I bought it from the Local Co-op headquartered in Sulphur Springs, Tx. (NE Tx. dairy country). Was treated seed and it was $35 something for 50# bags. Seeding rate is said to be 25 min per acre.

I can adjust my drill to accommodate it and I just bought a roller to pack the soil behind the drill....instructions say plant 1/4-1/2" with soil compaction. Built an adapter bracket/tongue so that I can pull it behind the drill and make it a one pass operation. I am excited that maybe I have found something that will fill my needs without having to put up with the usual Sudan x Sorghum that is common.

Seed supplier recommends crimping for fast dry. With stems as thin as these, unless you are in a northern climate, I'm not going to sweat crimping and disc cutters used with Bermuda are more plentiful around here and should make finding a custom baler easier.

Since OFAlmanac says that April and May will be our wet months till fall, I think I will go for a one shot crop and then if anything is left, turn the cows in on it.

Mark


----------



## blueriver (Oct 19, 2009)

I am chewing on this ... I'm thinking 20 acres. My biggest concern is no crimper/conditioner and I am wondering about the drying time.

The stalks look like they get fairly good sized.


----------



## Texasmark (Dec 20, 2011)

blueriver said:


> I am chewing on this ... I'm thinking 20 acres. My biggest concern is no crimper/conditioner and I am wondering about the drying time.
> 
> The stalks look like they get fairly good sized.

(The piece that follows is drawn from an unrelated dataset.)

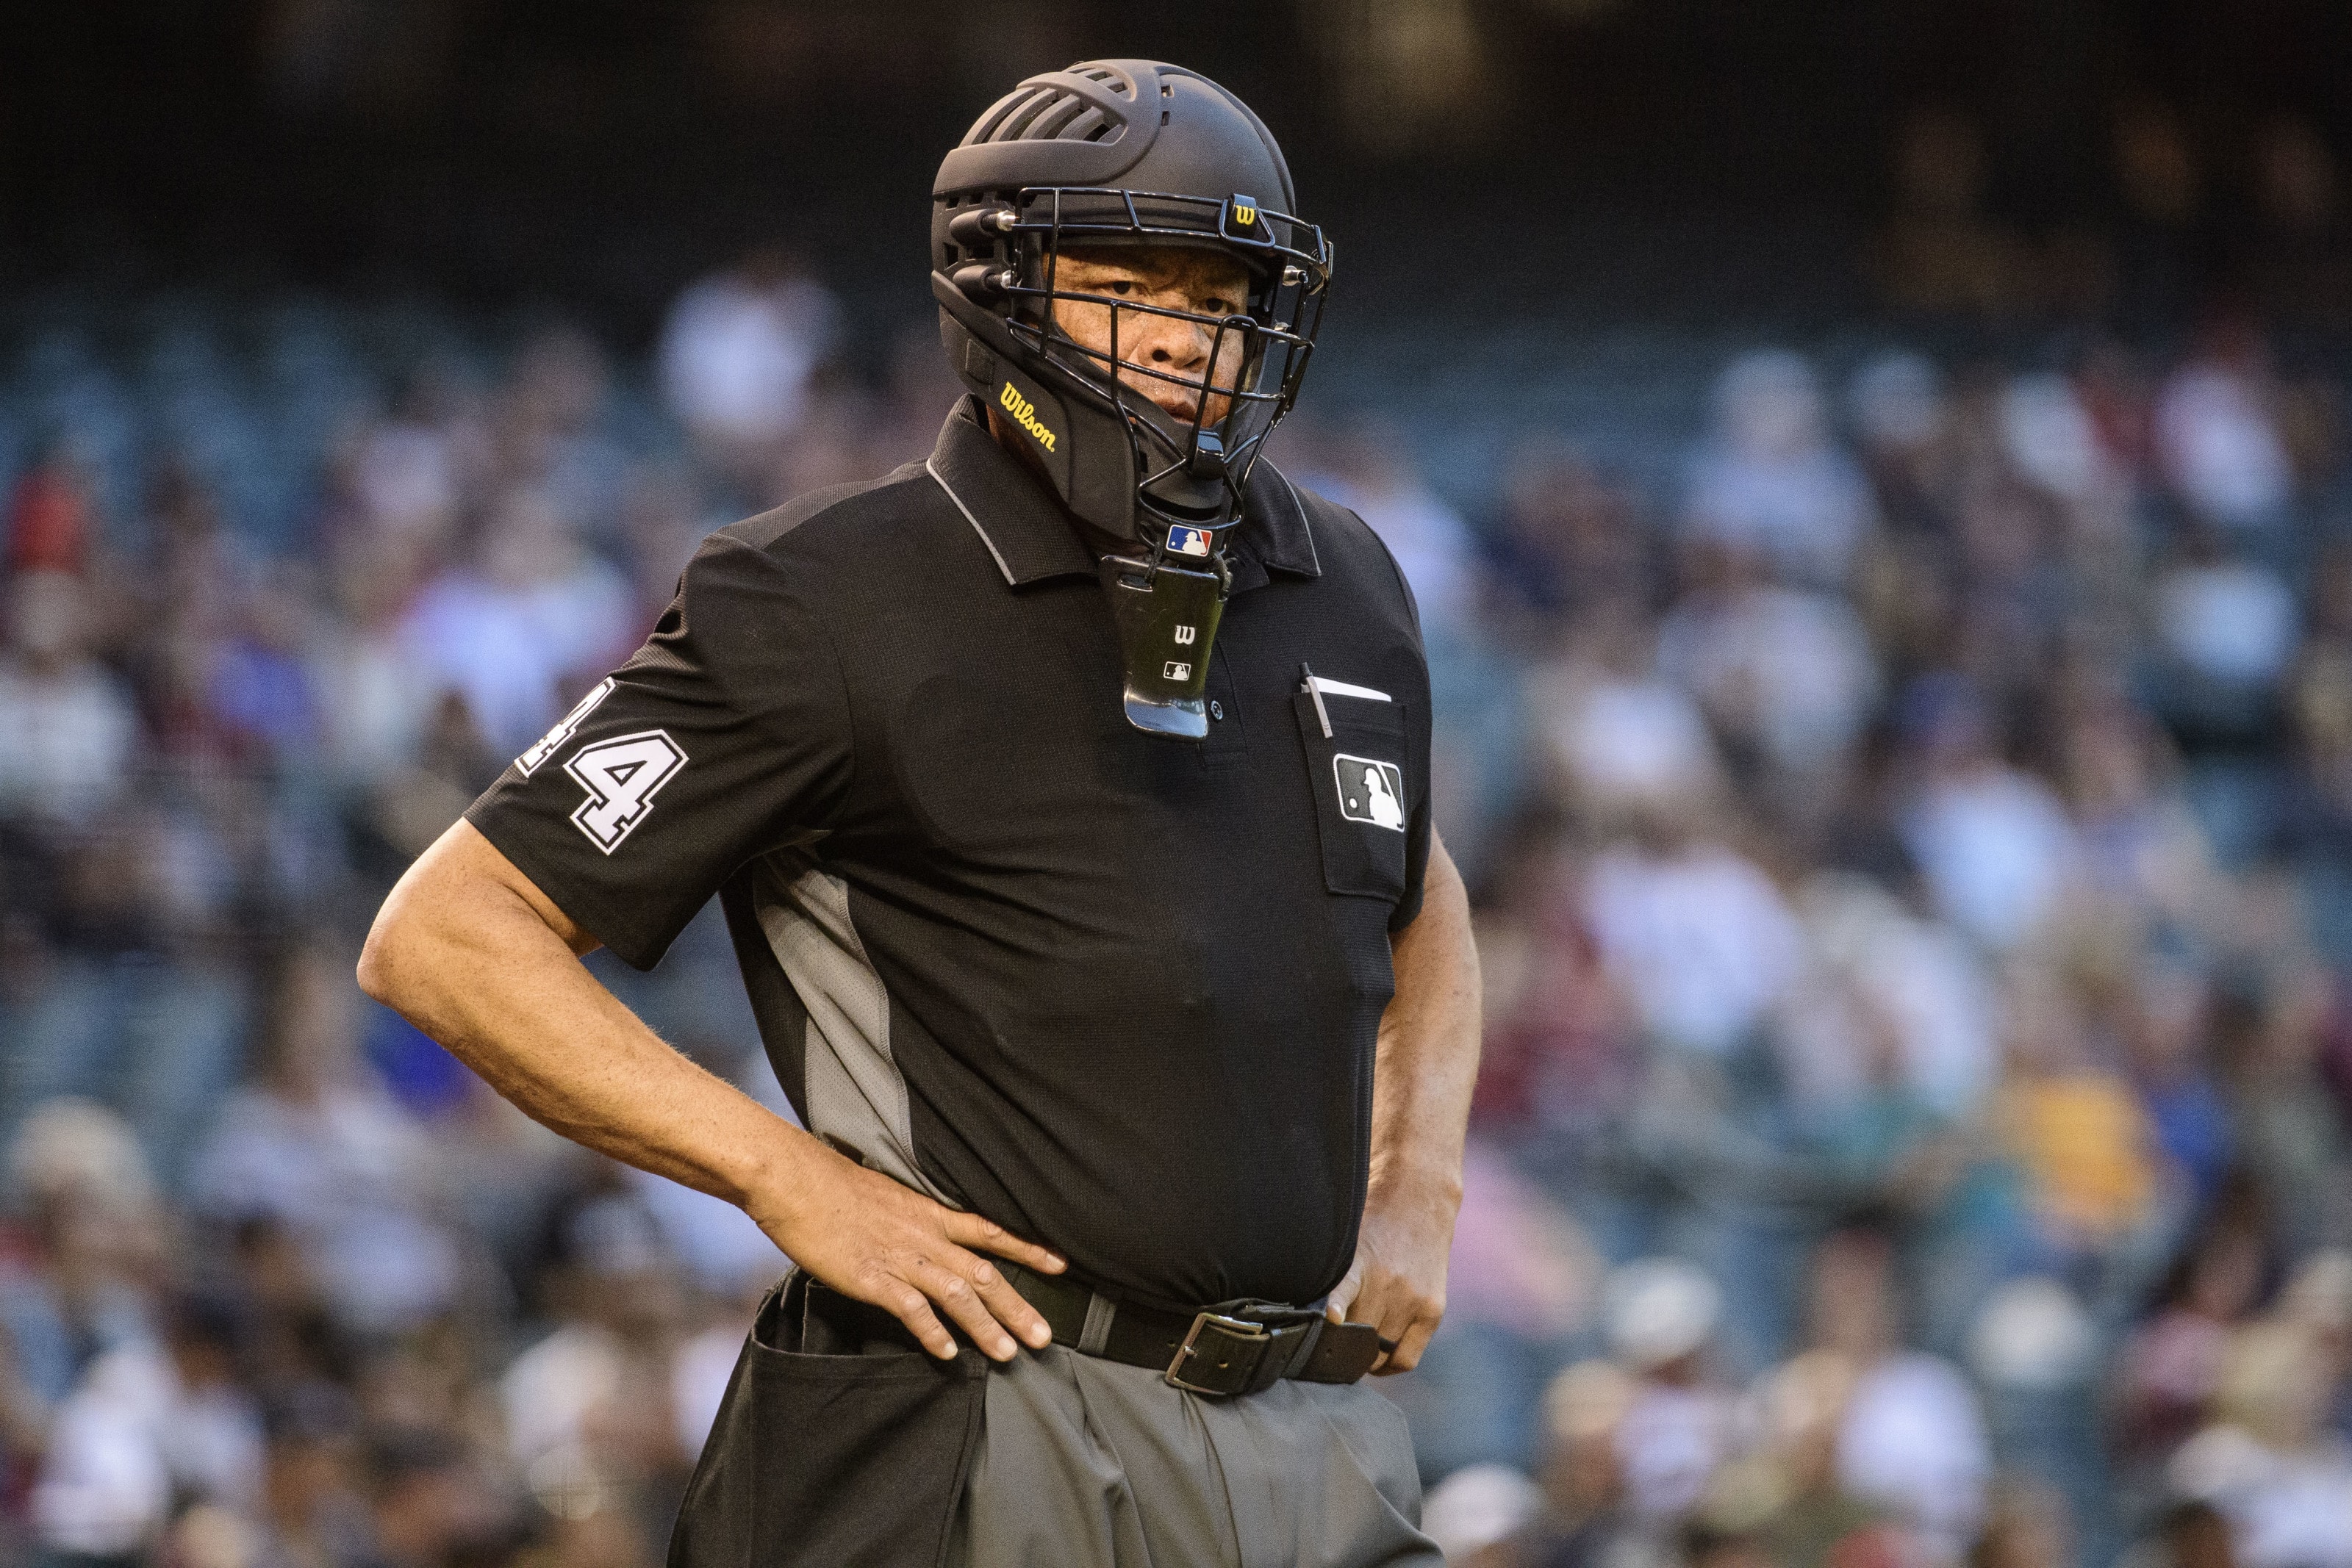 MLB appoints 1st black umpire crew chief

Can't say till I see it. I realize that if you fracture a stem into half dozen sections it has that many more moisture exit places which obviously would improve drying. Don't know the drying cycle with no crimping.

I don't know how wet the stems will be, like if you took a plant that was just clipped, and run your thumb nail/index finger down it would you push out water and if so, how much? I know people harvested Johnsson grass for many years before the advent of sudan with nothing but a sickle mower and rake. From the pictures I have seen of this grass the stems seem to be smaller than JG.

Course, if it is as leafy as it appears to be, then even if the stems contain some moisture at bailing, the total moisture level may be tolerable.

I'll know more after I harvest a crop and will publish the results....course that doesn't help you for this years planting/harvesting.

HTH,

Mark


----------



## RCF (Sep 14, 2009)

If you are cutting this stuff for dry hay then yes you will need some sort of crimper or conditioner. You might get by with just a regular mower if you cut this stuff real short but, you are going to want a mower/conditioner to be able to put this stuff up right.


----------



## blueriver (Oct 19, 2009)

From my research this can be a very productive grass for grazing and forage. I could do 100 acres BUT I'm thinking 20 to see how it does. Hay you run soil test to see what your fertilize needs will be?


----------



## blueriver (Oct 19, 2009)

RCF said:


> If you are cutting this stuff for dry hay then yes you will need some sort of crimper or conditioner. You might get by with just a regular mower if you cut this stuff real short but, you are going to want a mower/conditioner to be able to put this stuff up right.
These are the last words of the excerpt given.